The data.
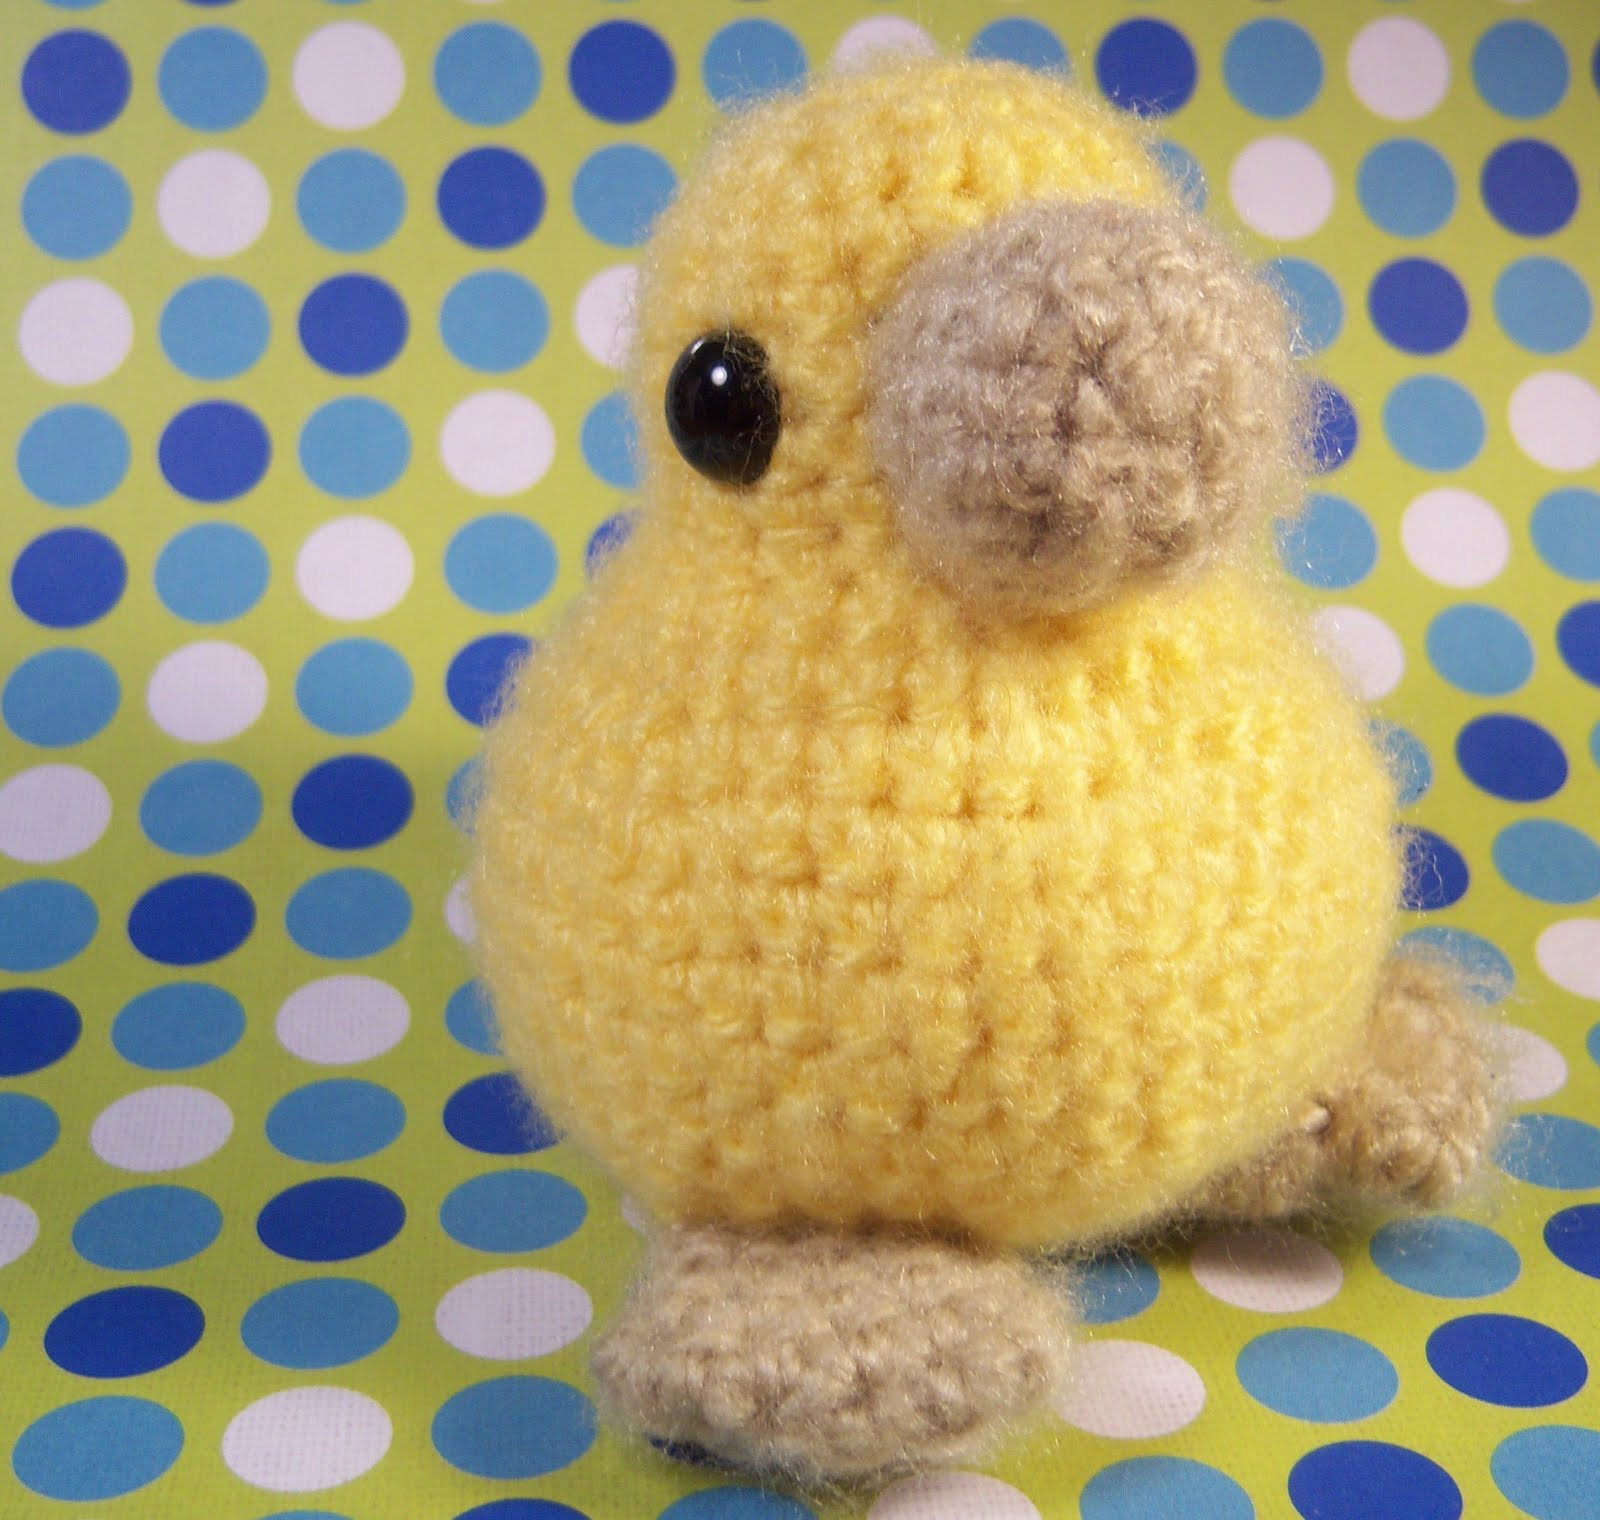 Amigurumi Baby Chicks : 2000 Free Amigurumi Patterns: Baby Chick
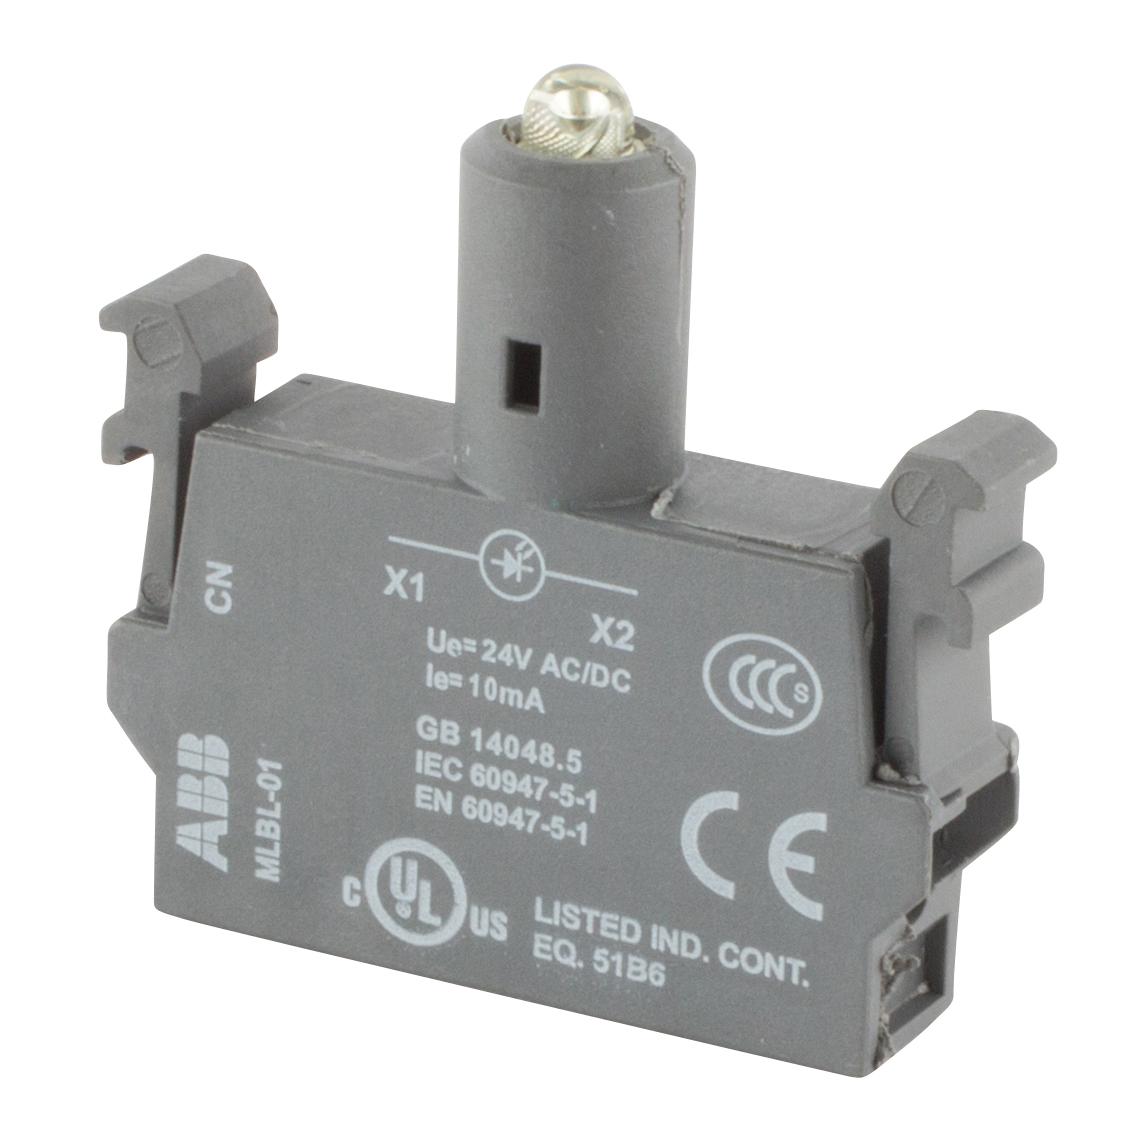 ABB MLBL-01Y Modular Lamp Block
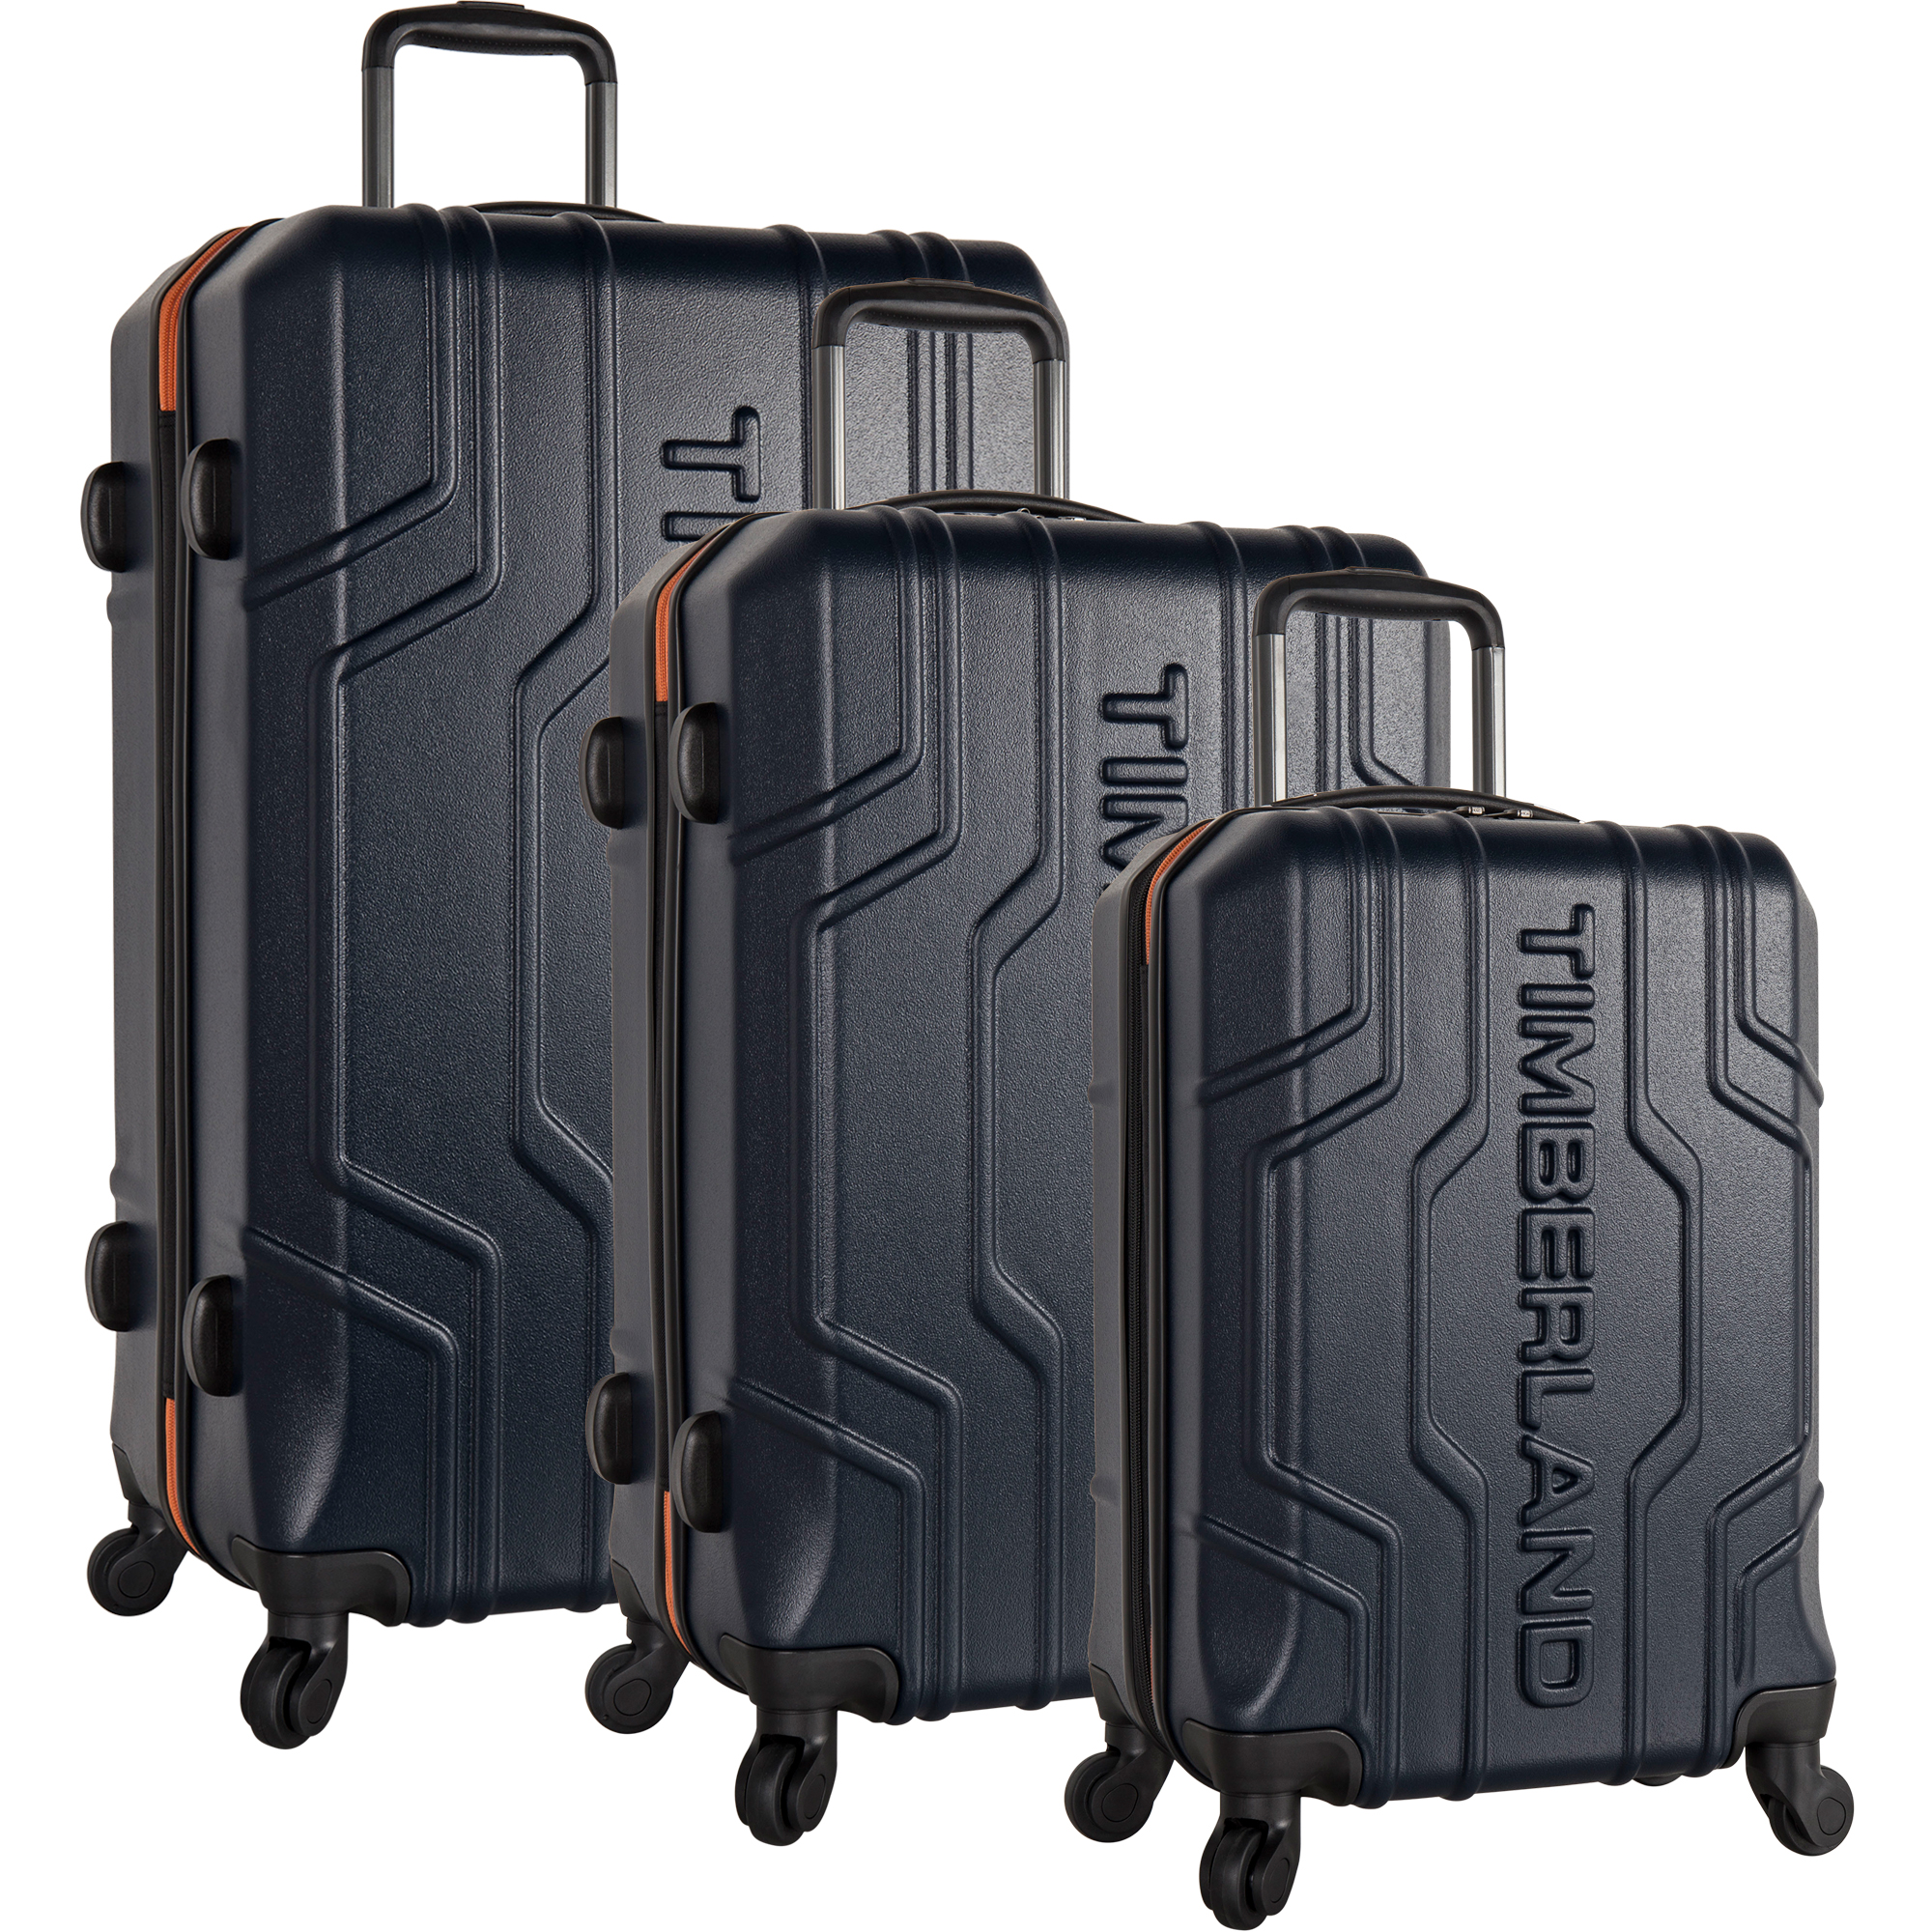 Timberland Alpine Trail 3 Piece Hardside Spinner Luggage Set

Task to carry out.
Set down nothing but the lines from the one containing "ABB MLBL-01Y Modular Lamp Block" to the final line above, both included, with every picture left out.

Task result.
 ABB MLBL-01Y Modular Lamp Block
 Timberland Alpine Trail 3 Piece Hardside Spinner Luggage Set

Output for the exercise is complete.